Tea production in Bangladesh
Bangladesh is an important tea producing country, being the world's tenth largest tea producer. Its tea industry dates back to British rule, when the East India Company initiated the tea trade in Chittagong in 1840. Today, the country has 172 commercial tea estates, including many of the world's largest working plantations. The industry accounts for 3% of global tea production and employs more than 0.4 million people.
Bangladesh tea is grown in the northern and eastern districts of the country. The highlands, temperate climate, humidity and heavy rainfall in these districts provide a favorable ground for the production of high-quality tea.

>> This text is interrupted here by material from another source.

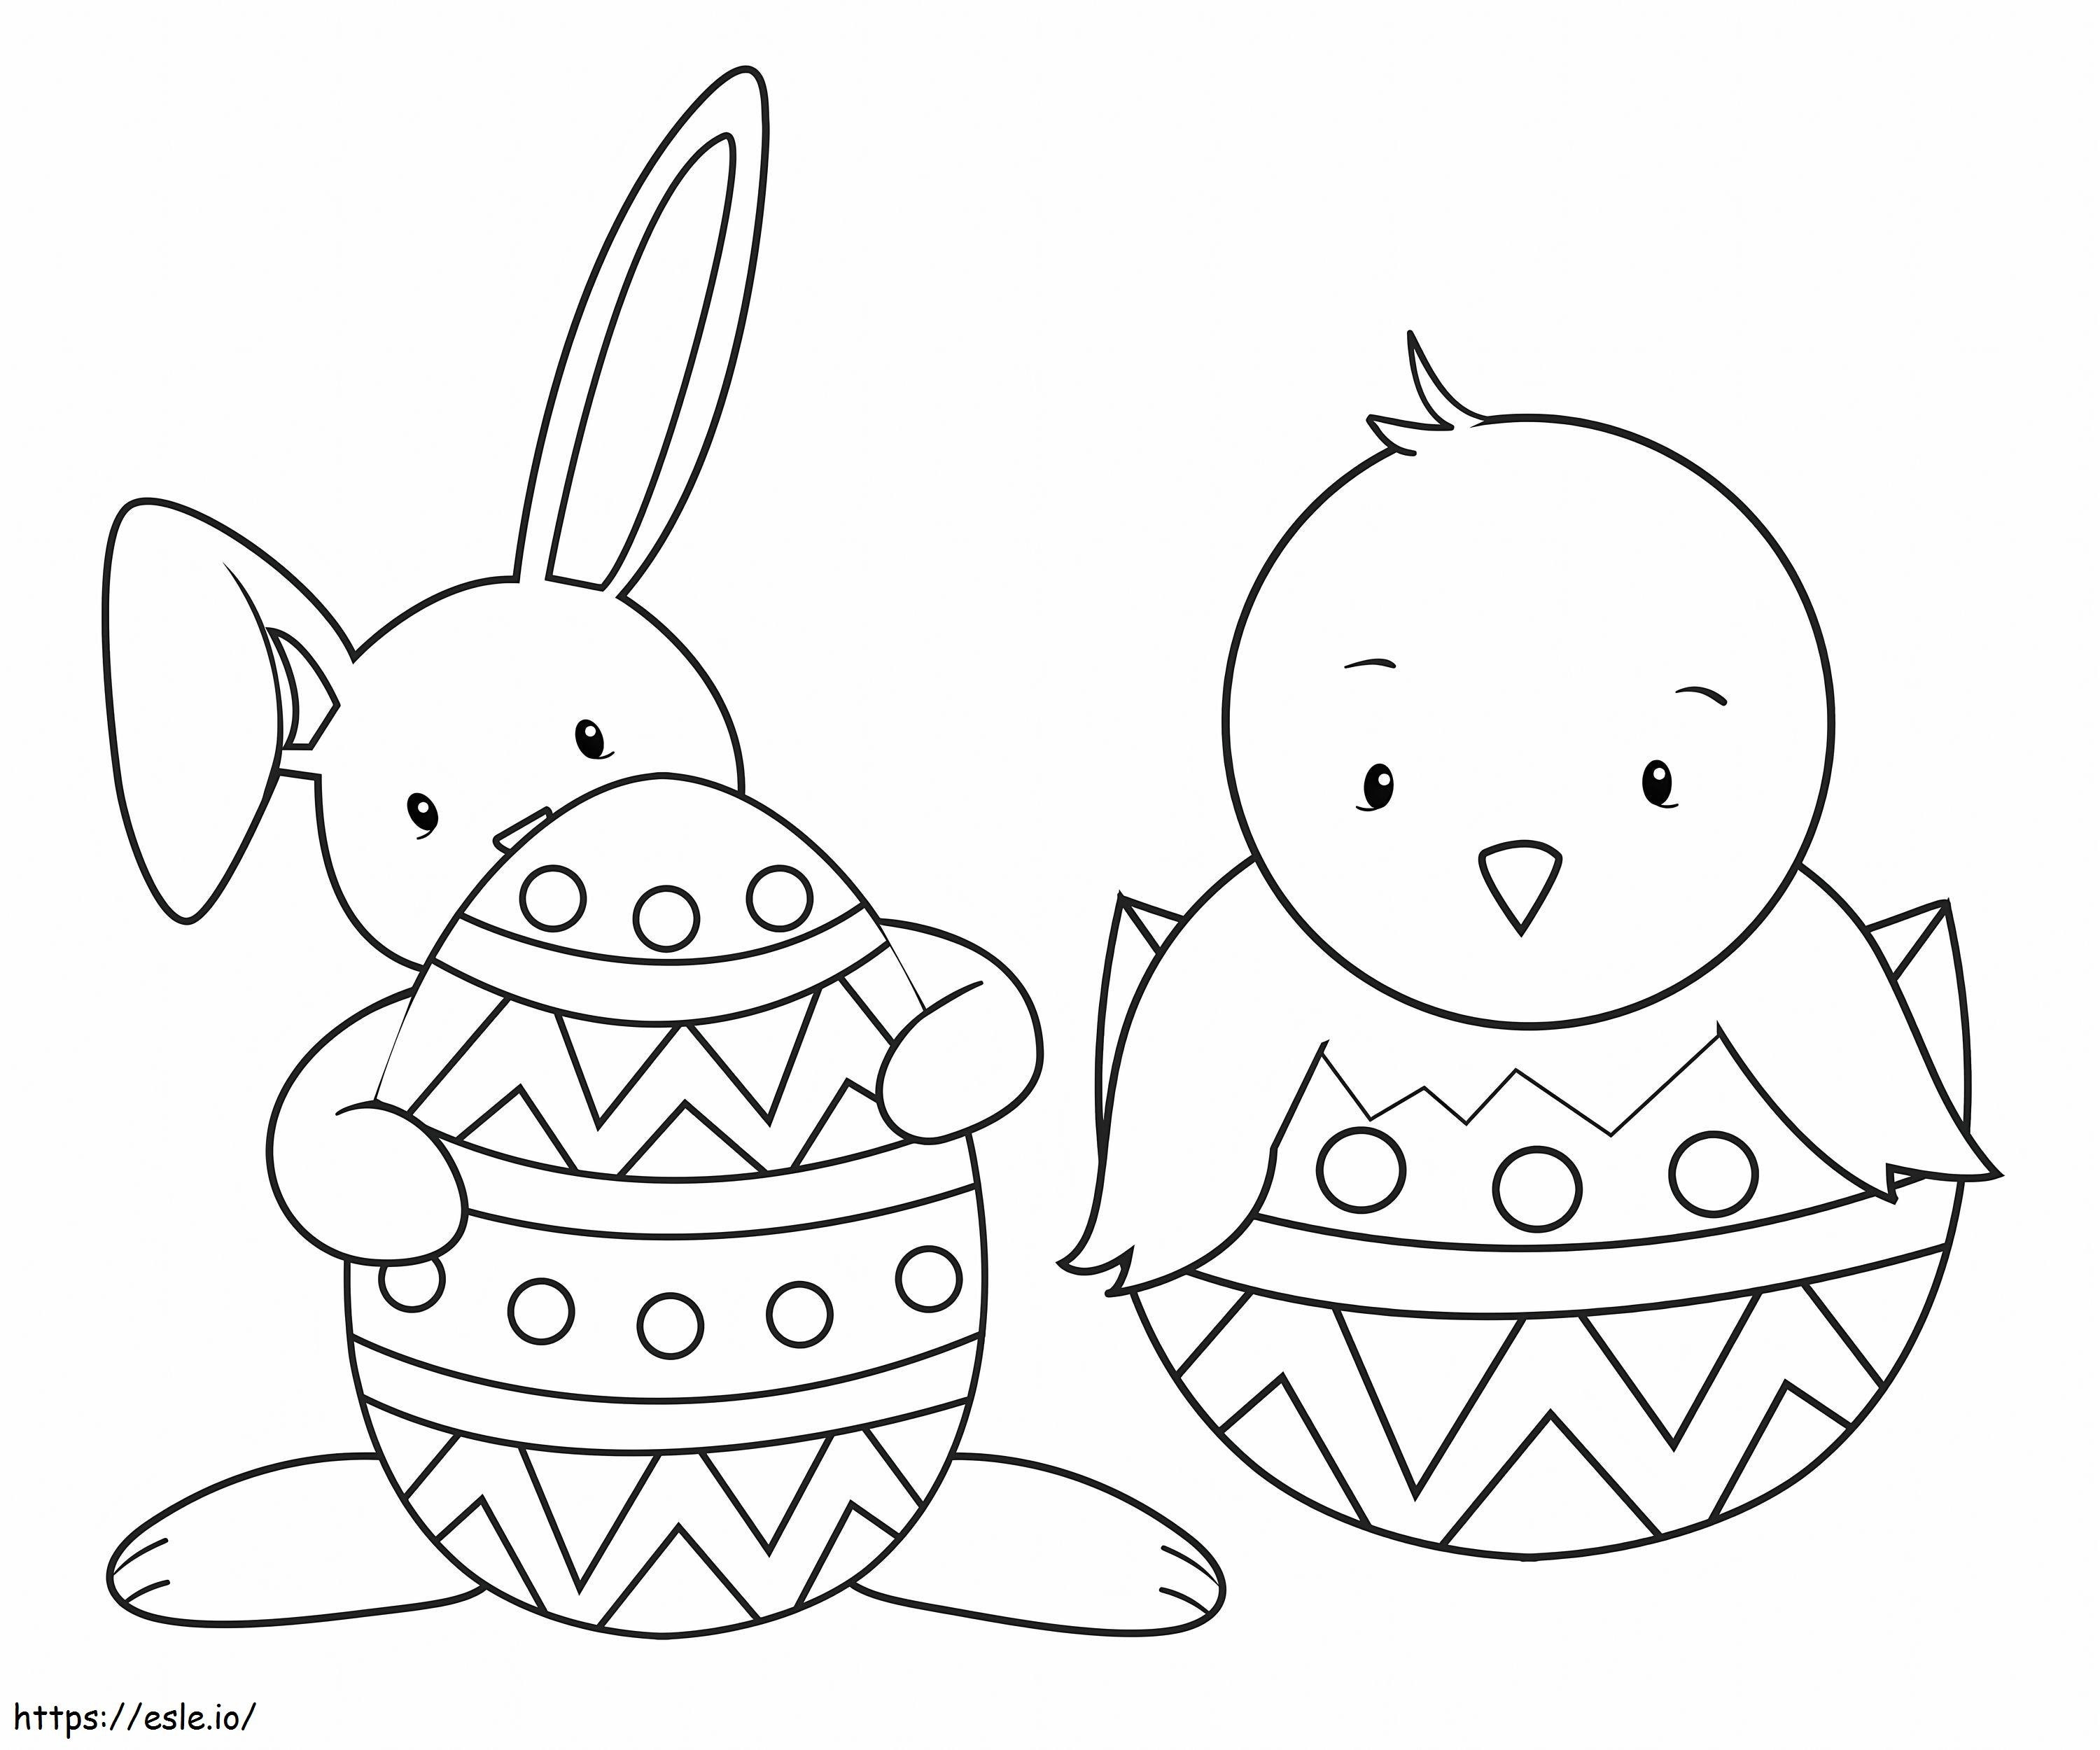 Conejito y pollito con huevo de Pascua para colorear

Historically, Bengal was the terminus of the Tea Horse Road connecting the subcontinent with China's early tea-growing regions in Yunnan. Atisa is regarded as one of the earliest Bengali drinkers of tea.
Black tea cultivation was introduced in Bengal during the British Empire. European traders established the first subcontinental tea gardens in the port city of Chittagong in 1840, when plantations were set up beside the Chittagong Club using Chinese tea plants from the Calcutta Botanical Garden. The first home-grown tea was made and tasted near the Karnaphuli River in Chittagong in 1843. Commercial cultivation of tea began in the Mulnicherra Estate in Sylhet in 1857. The Surma River Valley in the Sylhet region emerged as the centre of tea cultivation in Eastern Bengal. Plantations also flourished in Lower Tippera (modern Comilla) and North Bengal.
Tea was a major export of British Bengal. The Assam Bengal Railway served as a lifeline for the industry, transporting tea from growers in the Surma and Brahmaputra Valleys to exporters in the Port of Chittagong.
The Chittagong Tea Auction was established in 1949 by British and Australian traders. British companies such as James Finlay and Duncan Brothers once dominated the industry. The Ispahani family also became a highly prominent player in the industry.
Tea is the second largest export oriented cash crop of Bangladesh, following jute. The industry accounts for 1% of national GDP. Tea-producing districts include Sylhet, Maulvi Bazar, Habiganj, Brahmanbaria, Rangamati, Chittagong and Panchagarh.
Once a major world exporter, Bangladesh is now a net importer of tea. The rise of the Bangladeshi middle class has increasingly driven the industry to focus on a lucrative domestic market. The sector is today dominated by Bangladeshi conglomerates, including M. M. Ispahani Limited, Kazi & Kazi, the Transcom Group, James Finlay Bangladesh, the Orion Group, the Abul Khair Group and Duncan Brothers Bangladesh Limited.
In 2012, Bangladesh recorded its highest production of tea, at 63.85 million kilograms. The country has over 56,846 hectares of land under tea cultivation, up from 28,734 hectares in 1947. The government has begun to promote small-scale tea growers, particularly in the Chittagong Hill Tracts.